The concluding period passed uneventfully. The game was contested with great spirit, and it was difficult to know who would finally emerge victorious. Binks had to retire from the field owing to a slight injury, and during his absence the home eleven were hemmed at every turn, but, on his reappearance a little later, the luck changed, and the champions of the south had to adopt defensive tactics. On more than one occasion the combination of the homesters was so smart that it looked as if matters were to go badly for the Hearts. The back play of the visitors, however, was unimpeachable, and the steady front presented by Adams and Goodfellow averted any disaster overtaking the strangers. A very equally con¬tested half was thus brought to a conclusion without any scoring. The game ended as at half-time: 3 goals to 1 in favour of the Hearts.
The teams were:? Hearts ? Fairbairn; Adams, and Goodfellow; Macpherson, Waterston, Begbie; Baird, Scott, Russell, Fairbairn, jun., and Taylor. Vic¬toria United :? Gray; Thompson and Ririe ; Ross, Stewart, and Duffus; Turner, Sinclair, Binks, Annand, and Ferries.

Against such a powerful team of southern talent the Victoria have to be congratulated on their successful appearance.
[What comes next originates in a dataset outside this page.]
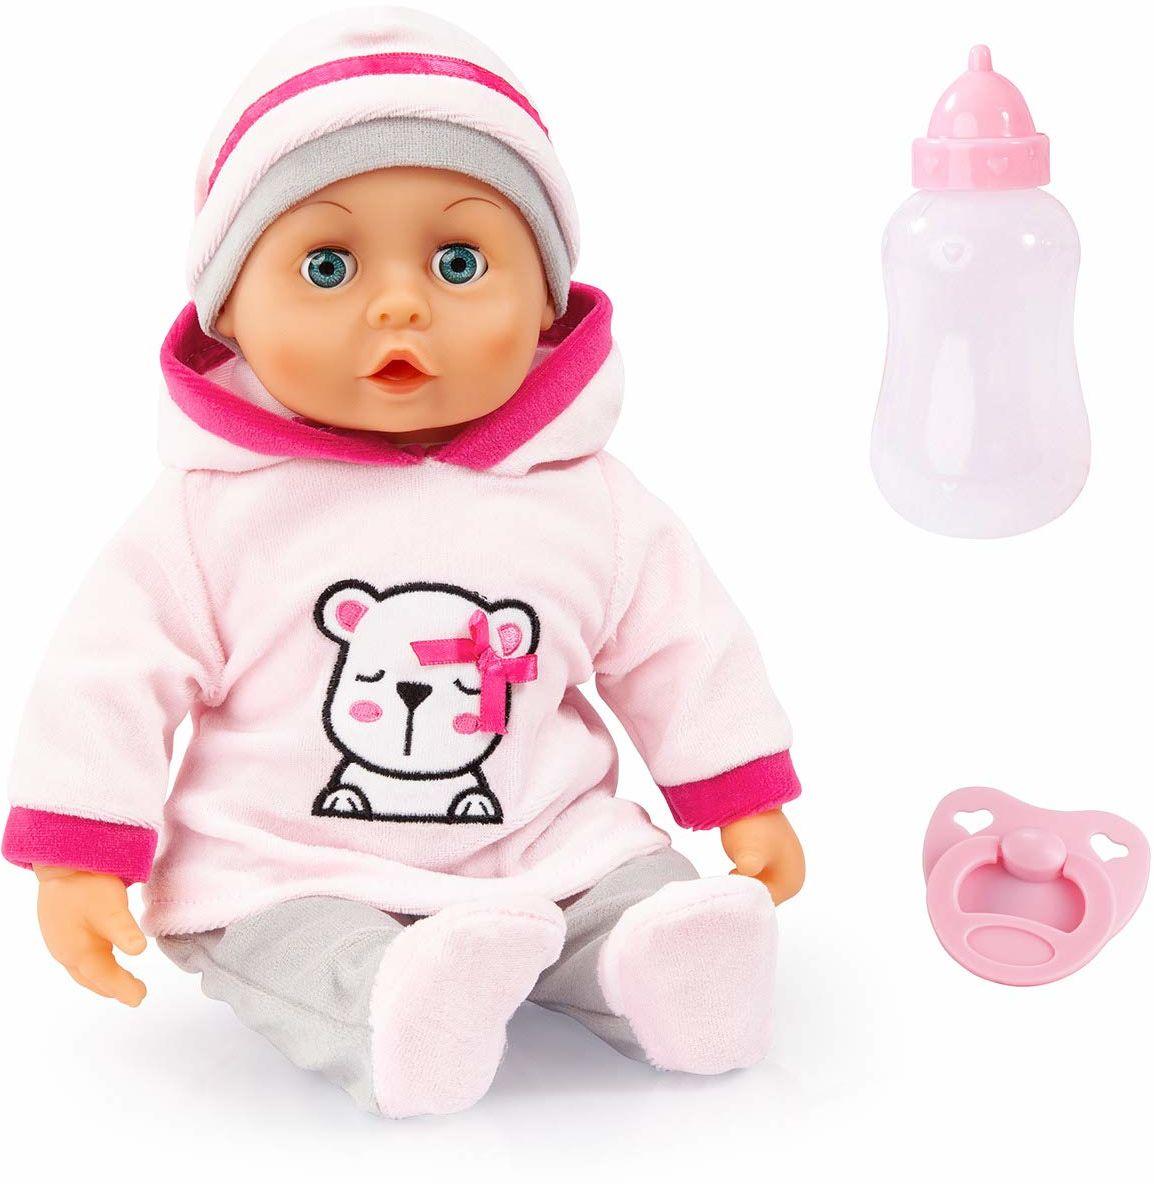 Bayer Design 93824BR funkcjonalne lalki pierwsze słowa ze śpiącymi oczami, 24 dźwięki niemowlęcia, 38 cm, miękkie z akcesoriami, różowy, szary

The play of the strangers was a revelation to all who witnessed their splendid combined form, albeit in the second half they were somewhat spasmodic in their efforts. Adams and Goodfellow - the former one of Scotland's representatives against Wales this year - were a capital pair, and presented a steady defence, their easy kicking being the subject of universal admiration. The half-back division was perhaps the strongest point of the team. This was not to be wondered at, seeing that the trio had the unique and distinguished honour of representing Scotland at Blackburn in the English international contest last year. Macpherson has acted as a professional in the Notts Forest eleven. Such a line, it was easy to see last night, was sufficient to inspire confidence in the attacking quintette. The forwards played a beautiful game. Many honours have been gained by them, Taylor, the outside right, received his English cap this year, and his fine wing play, as seen last night, more than justifies his selection to a position in the national eleven. Fairbairn, jun, gave his partner most serviceable assistance. Russell, in centre - a perfect giant by the way - is about the finest specimen of the sturdy footballer, but has a tendency to play roughly at times. In Baird was seen a most versatile player. He has represented, his country against England last year and against Wales this year. All over, the team was the best combination that has come north this season. Of the Victoria, one and all, good things have to be said. At goal, Gray ably defended his charge, and in front of him were two powerful backs. Ross in particular kicked vigorously. At half-back Stewart was quick and useful, checking some dangerous rushes. In the forward rank, Turner was scarcely up to his usual form, but in Sinclair was seen the smartest player of the team. Binks frequently appeared to advantage, while Annand proved invaluable in resisting the attacks of Russell, and Ferries was a most useful wing man. The Victoria will again require all their mettle for this afternoon's contest.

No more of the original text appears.